To find the maximum height reached by the volleyball and define the domain for when it reaches that height, we start with the given equation for height \( h \):

\[ h(t) = -16t^2 + 33t + 6 \]

This is a quadratic equation of the form \( h(t) = at^2 + bt + c \), where \( a = -16 \), \( b = 33 \), and \( c = 6 \).

Step 1: Find the time at which the maximum height occurs.

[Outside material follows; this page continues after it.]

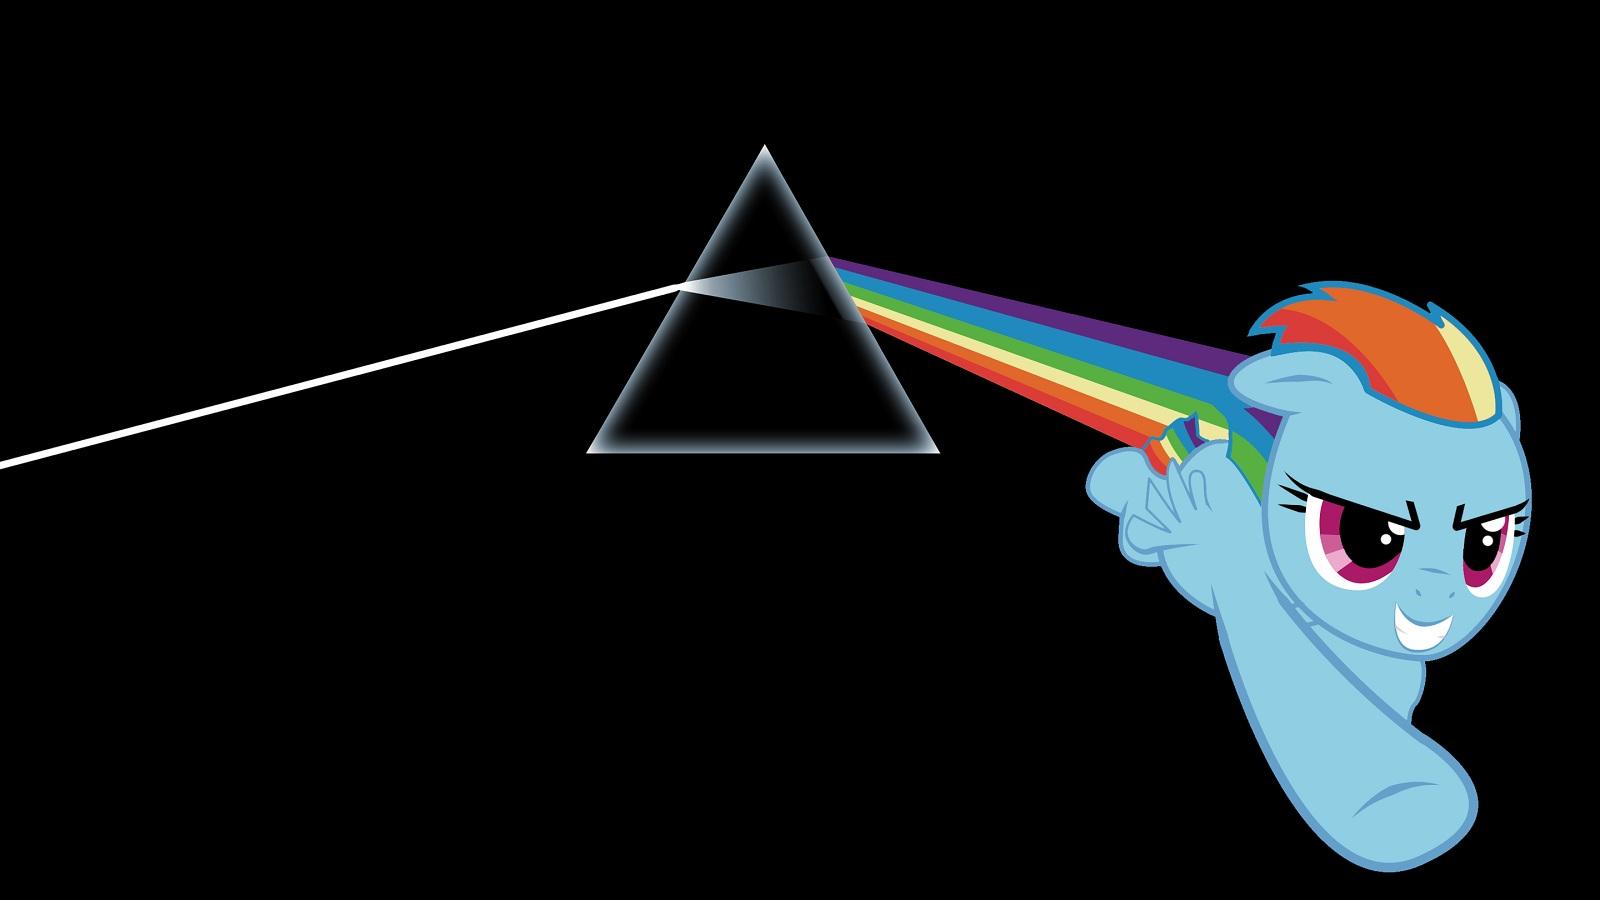 Floyd My Little Pony The Dark Side Of The Moon Rainbow Dash wallpaper 1600x900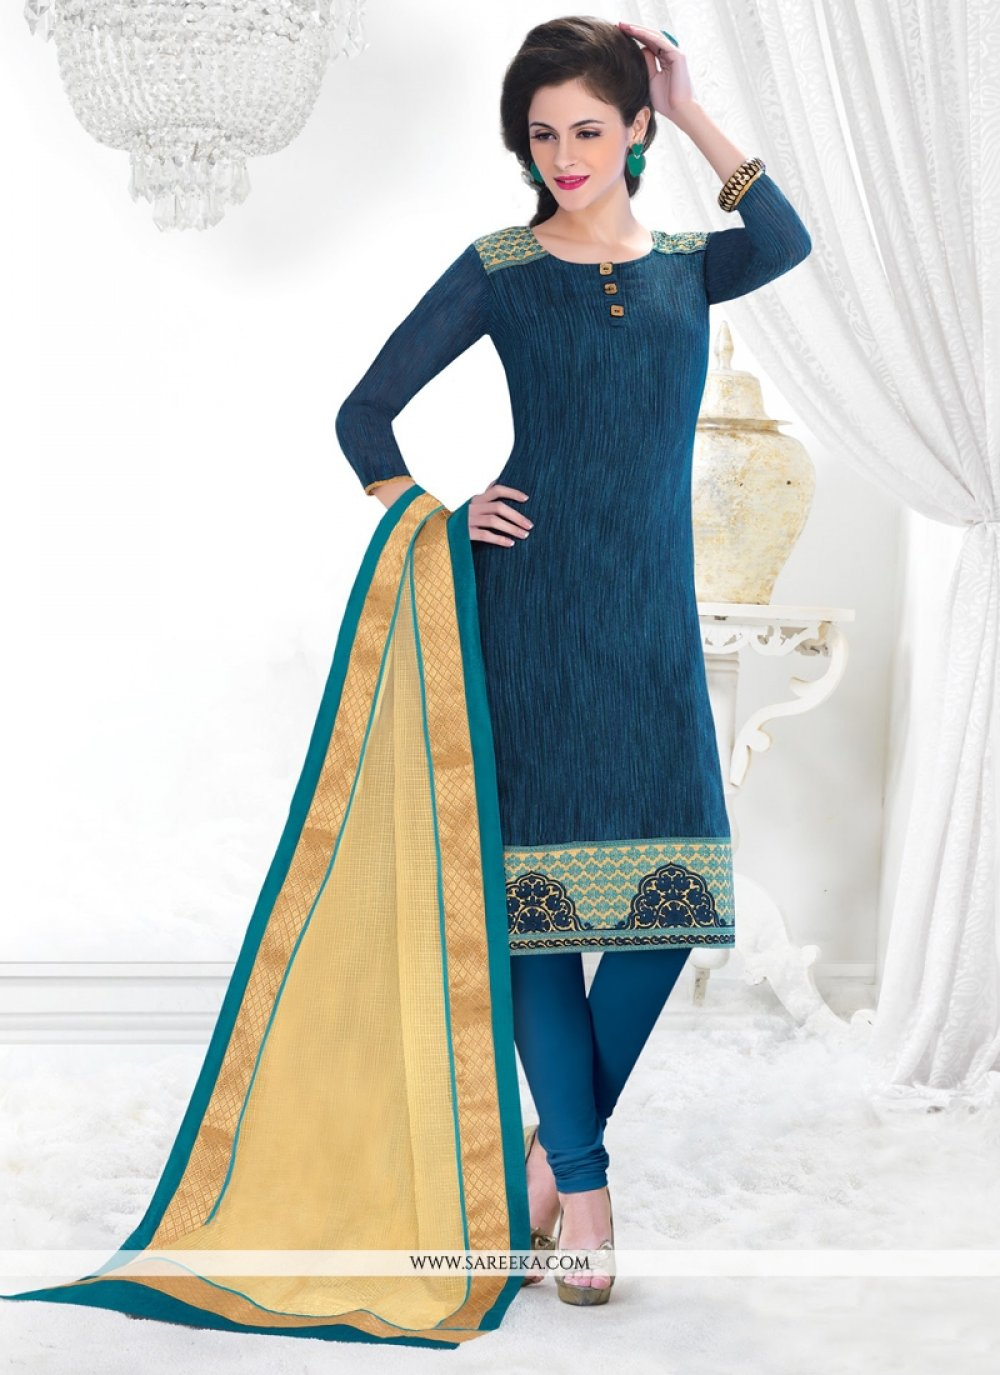 Chanderi Blue Lace Work Churidar Salwar Kameez

The maximum height of a quadratic function occurs at the vertex. The time \( t \) at which the vertex is located can be found using the formula:

\[ t = -\frac{b}{2a} \]

Substituting in the values of \( b \) and \( a \):

\[ t = -\frac{33}{2 \cdot (-16)} = \frac{33}{32} \approx 1.03125 \text{ seconds} \]

Step 2: Calculate the maximum height.

Next, substitute \( t \) back into the height equation to find the maximum height \( h(t) \):

\[ h\left(\frac{33}{32}\right) = -16\left(\frac{33}{32}\right)^2 + 33\left(\frac{33}{32}\right) + 6 \]

Calculating \( \left(\frac{33}{32}\right)^2 \) and substituting:

\[ \left(\frac{33}{32}\right)^2 = \frac{1089}{1024} \] \[ h\left(\frac{33}{32}\right) = -16 \cdot \frac{1089}{1024} + 33 \cdot \frac{33}{32} + 6 \]

Calculating each term:

1. The first term: \[ -16 \cdot \frac{1089}{1024} = -\frac{17424}{1024} = -17.0078125 \]

2. The second term: \[ 33 \cdot \frac{33}{32} = \frac{1089}{32} = 34.03125 \]

3. The third term: \[ 6 = \frac{192}{32} = 6 \]

Now combine these values: \[ h\left(\frac{33}{32}\right) = -17.0078125 + 34.03125 + 6 \]

Calculating this gives: \[ h\left(\frac{33}{32}\right) = 23.0234375 \text{ feet} \approx 23 \text{ feet} \]

Domain of the Ball

To specify the domain of the ball during which it reaches its maximum height, we must also consider when the ball will return to the ground (when \( h(t) = 0 \)).

To find that time, solve for \( t \) in the equation:

\[ -16t^2 + 33t + 6 = 0 \]

Use the quadratic formula: \[ t = \frac{-b \pm \sqrt{b^2 - 4ac}}{2a} \] Substituting in \( a = -16, b = 33, c = 6 \):

\[ t = \frac{-33 \pm \sqrt{33^2 - 4 \cdot (-16) \cdot 6}}{2 \cdot (-16)} \] \[ = \frac{-33 \pm \sqrt{1089 + 384}}{-32} \] \[ = \frac{-33 \pm \sqrt{1473}}{-32} \]

Calculating \( \sqrt{1473} \approx 38.4 \):

\[ t \approx \frac{-33 \pm 38.4}{-32} \]

Calculating the two possible values for \( t \):

1. \( t = \frac{-33 + 38.4}{-32} \)
2. \( t = \frac{-33 - 38.4}{-32} \)

Solving these gives:

1. \( t_1 = \frac{5.4}{-32} \) (ignore because it's negative)
2. \( t_2 = \frac{-71.4}{-32} \approx 2.23 \text{ seconds} \)

Conclusion

The maximum height occurs at approximately \( t = 1.03125 \) seconds, while the ball will hit the ground approximately at \( t = 2.23 \) seconds. Therefore, the domain of the ball is:

\[ [0, 2.23] \text{ seconds} \]

The maximum height of the volleyball is approximately 23.0234375 feet.